Influencer İş Sözleşmesi

Influencer İş Sözleşmesi

Dijital pazarlama dünyasının en önemli araçlarından biri haline gelen influencer marketing, hukuki açıdan da düzenlenmesi gereken bir alan olarak karşımıza çıkmaktadır. Sosyal medya fenomenleri ile markalar arasında yapılan iş birliği sözleşmeleri, hem tarafların haklarını korumak hem de yasal yükümlülükleri yerine getirmek açısından büyük önem taşımaktadır.
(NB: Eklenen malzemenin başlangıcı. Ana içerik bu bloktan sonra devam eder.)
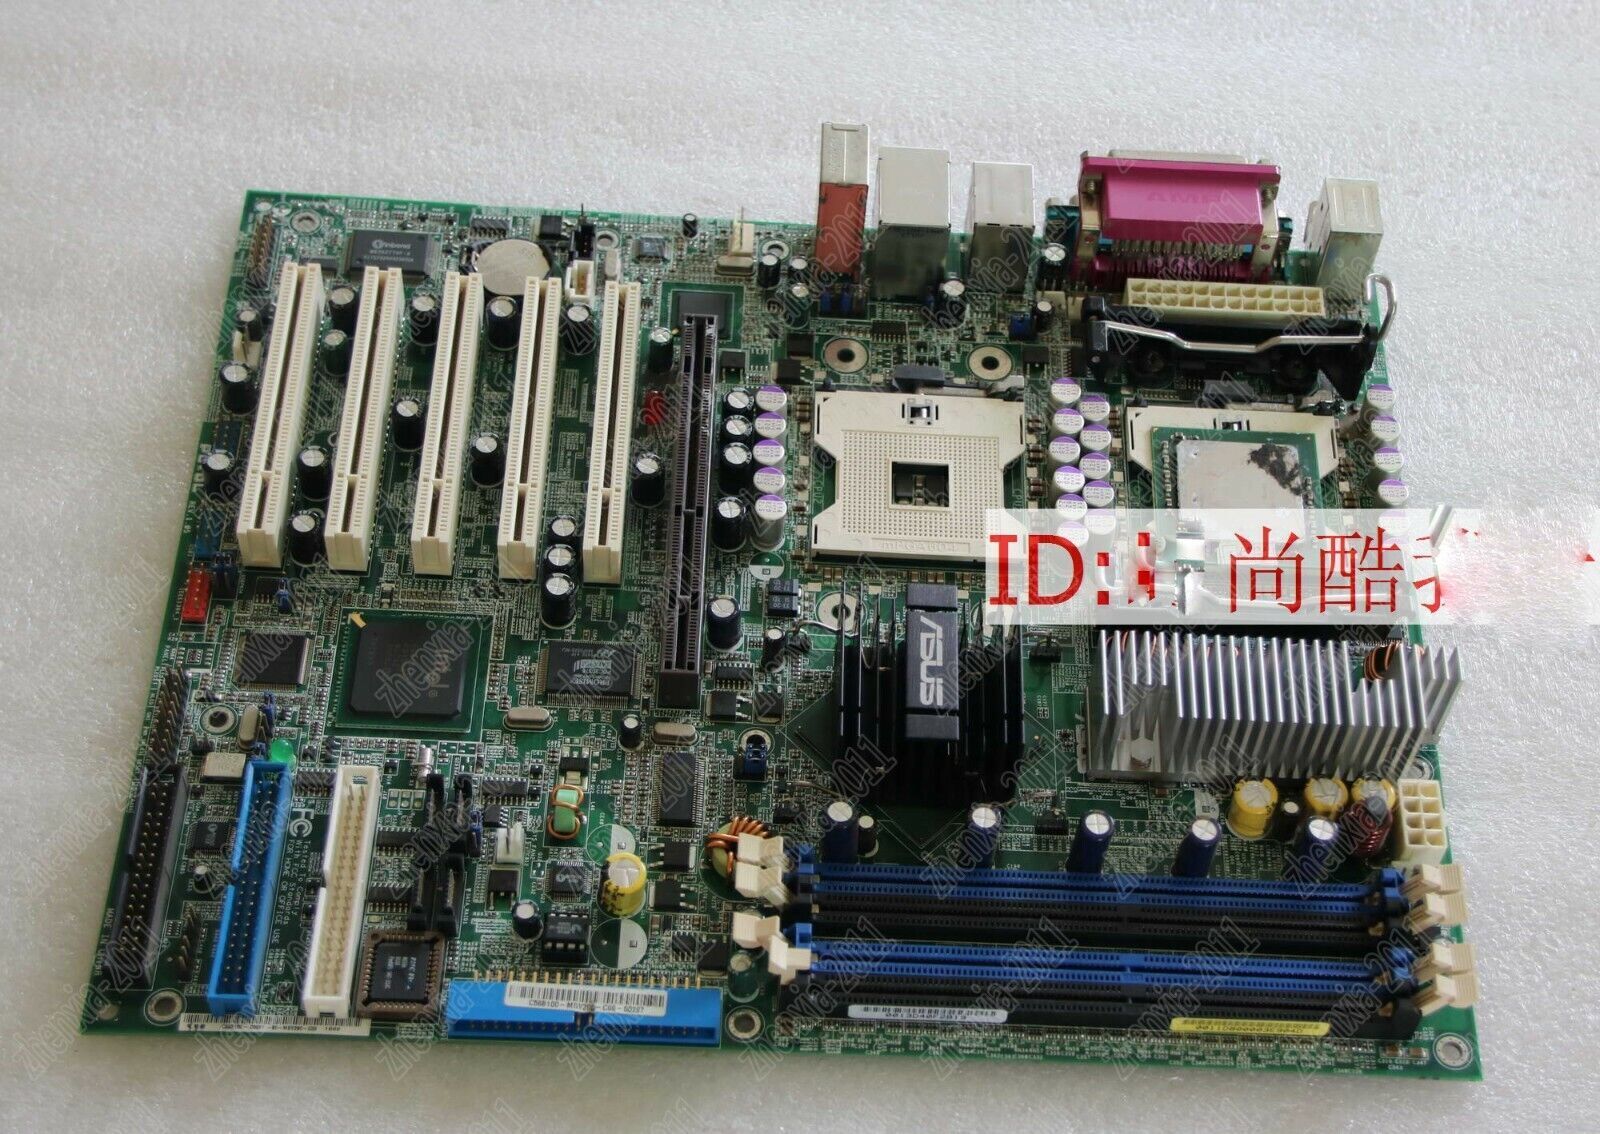 1PC Used PC-DL DELUXE 875P Motherboard 604 Pin Server Board PC-DL #A6-8

Bu kapsamlı rehberde, influencer iş sözleşmelerinin hukuki çerçevesi, temel unsurları ve uygulamada karşılaşılan sorunlar detaylı olarak ele alınmaktadır.

Influencer Sözleşmesinin Hukuki Çerçevesi ve Yasal Dayanakları

Dijital pazarlama dünyasının hızla gelişmesiyle birlikte, sosyal medya fenomenleri ile markalar arasında kurulan iş birliği ilişkileri, hukuki açıdan düzenlenmesi gereken önemli bir alan haline gelmiştir. İnfluencer sözleşmeleri, bu yeni dijital çağın getirdiği hukuki ihtiyaçlara yanıt vermeye çalışan, ancak henüz tam anlamıyla kodifiye edilmemiş sözleşme türleri olarak karşımıza çıkmaktadır.

Sözleşmenin Tanımı ve Niteliği

İnfluencer sözleşmesi, sosyal medya fenomenleri ile reklam verenler arasında akdedilen, belirli bir mal, hizmet veya markanın tanıtımını yapma yükümlülüğü karşılığında ücret veya menfaat elde edilmesini düzenleyen hukuki belgedir. Bu sözleşmeler, influencer'ın takipçileri üzerindeki etki gücünü kullanarak, markanın hedef kitlesine ulaşmasını sağlamayı amaçlar.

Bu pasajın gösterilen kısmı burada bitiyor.